Concetti Chiave
- L'importanza della socializzazione iniziale è fondamentale per disciplinare e stabilizzare l'individuo, evitando che si perda in un caos di possibilità.
- La legge dell'esonero, o Entlastung, permette all'uomo di liberarsi dal peso dell'apertura totale al mondo attraverso la cultura e le istituzioni.
- Attraverso l'autonomia strutturale, l'individuo può svincolarsi dagli stimoli immediati, proiettando azioni e pensieri verso il futuro.
- La concezione di un'assenza di entità fissa è pericolosa; è meglio che l'individuo si percepisca come parte di un'entità collettiva per mantenere la stabilità identitaria.
- La mediazione delle istituzioni è essenziale per evitare che l'individuo si senta sopraffatto dai propri impulsi, garantendo un'esistenza più ordinata e prevedibile.
Gehlen - Legge dell'esonero
Indice
Importanza della socializzazione iniziale
L’uomo va disciplinato, stabilizzato, deve acquisire abitudini e non rinunciarvi più dopo il momento estremamente importante della socializzazione iniziale. Altrimenti, senza una codificazione stabilizzante in istituzioni collettive, non sarebbe in grado di vivere una vita.
Legge dell'esonero e antropologia
È il processo della Entlastung, “esonero”: la plasticità estrema nell’apertura al mondo è un onere, la cultura e le istituzioni quindi esonerano l’uomo da questo peso. Una legge universale dell’antropologia, che risponde alla natura dell’umano. Abitudini preziose in quanto esonerano dalla necessità di decisione nelle innumerevoli possibilità. Se ciò però funziona a livello antropologico, non altrettanto a livello etico/politico. L’azione stabilizzata dall’opera delle istituzioni esonera dal dover attivamente e consciamente operare una selezione degli stimoli esterni, l’esonero dal pensiero che stabilizza azione e percezione, un modo di indicare all’uomo come possa comprendere se stesso, nella sua indefinita plasticità.
Autonomia strutturale e proiezione futura
La legge dell’esonero annuncia che strutture elaborate ad un dato livello raggiungono poi propria autonomia strutturale: ad un primo stadio si esonera dall’eccesso pulsionale e dal sovraccarico di stimoli cui struttura “aperta al mondo” espone l’uomo. In seguito, l’azione ed il pensiero si svincolano dalla dipendenza dalla situazione percettiva e pulsionale immediata, dall’obbligo di reagire agli stimoli del presente e possono proiettarsi in situazioni future, immaginare, tenere conto di dati di fatto non percepibili. È la base della costruzione di modalità complessive dell’essere al mondo, di condotte di vita.
Pericolosità dell'assenza di entità fissa
La concezione dell’assenza di entità fissa è meglio riservarla agli intellettuali, nella sua pericolosità. È meglio interiorizzare le istituzioni, pensarsi non come individuo ma come membro di un clan (nel mondo premoderno), pensarsi in termini mediati da un’entità collettiva. È la “natura indiretta dell’uomo”, Indirektheit des Menschen. È pericoloso e destabilizzante guardare direttamente nel caos pulsionale, l’identità dell’uomo deve piuttosto essere mediata dalle istituzioni. L’uomo non può percepire se stesso come individuo plastico slegato dal tutto, in balìa dei suoi impulsi confusi.
Domande da interrogazione
- Qual è l'importanza della socializzazione iniziale secondo Gehlen?

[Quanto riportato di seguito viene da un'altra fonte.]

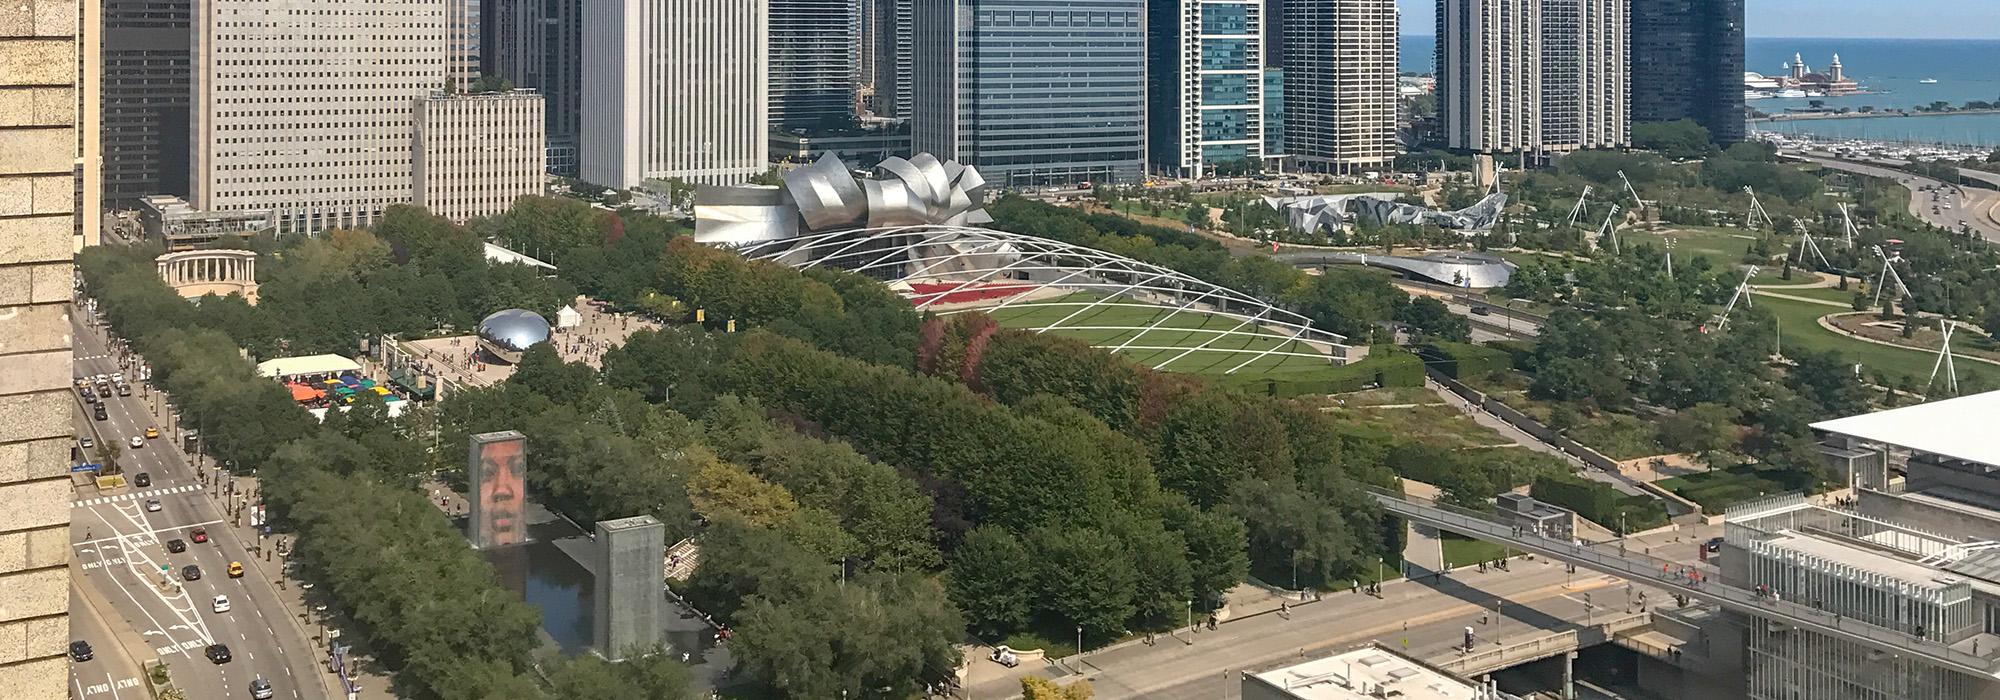 Millenium Park, Chicago, IL
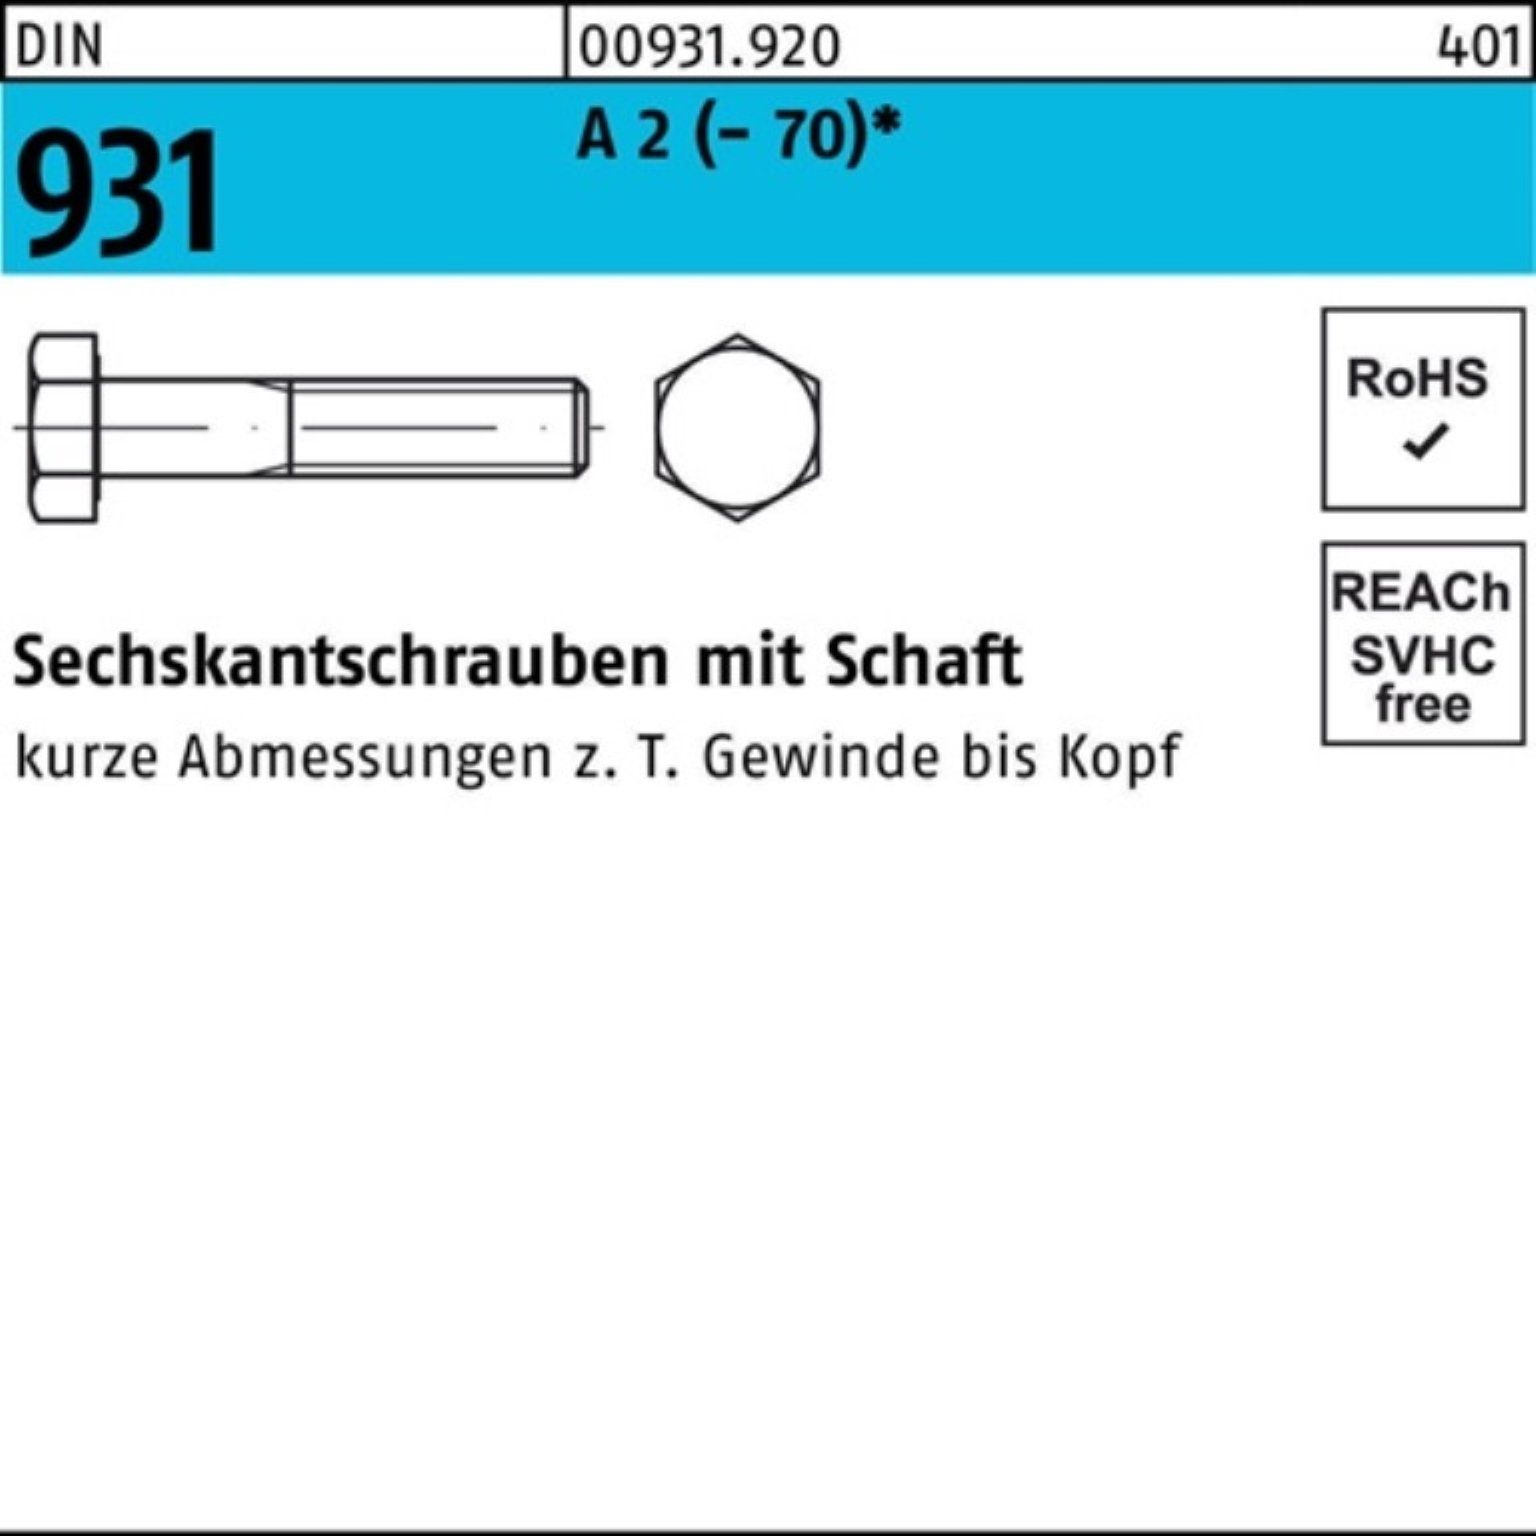 A Stü DIN Reyher 2 150 100er 931 Sechskantschraube Pack M12x 1 Sechskantschraube (70) Schaft

- Cosa implica la legge dell'esonero nella vita umana?
- Perché è pericolosa l'assenza di entità fissa nell'identità umana?
La socializzazione iniziale è fondamentale per l'uomo, poiché consente di acquisire abitudini stabilizzanti che sono essenziali per vivere una vita ordinata. Senza una codificazione in istituzioni collettive, l'individuo non sarebbe in grado di affrontare il mondo.
La legge dell'esonero, o Entlastung, indica che la cultura e le istituzioni alleviano l'uomo dal peso della sua plasticità e dalle incertezze del mondo. Questo processo permette di stabilizzare l'azione e la percezione, evitando la necessità di decisioni costanti di fronte a molteplici stimoli.
L'assenza di entità fissa è considerata pericolosa perché porta a una visione destabilizzante dell'individuo come slegato dai contesti collettivi. Gehlen suggerisce che l'identità debba essere mediata dalle istituzioni, per evitare che l'uomo si trovi in balia dei suoi impulsi confusi e del caos pulsionale.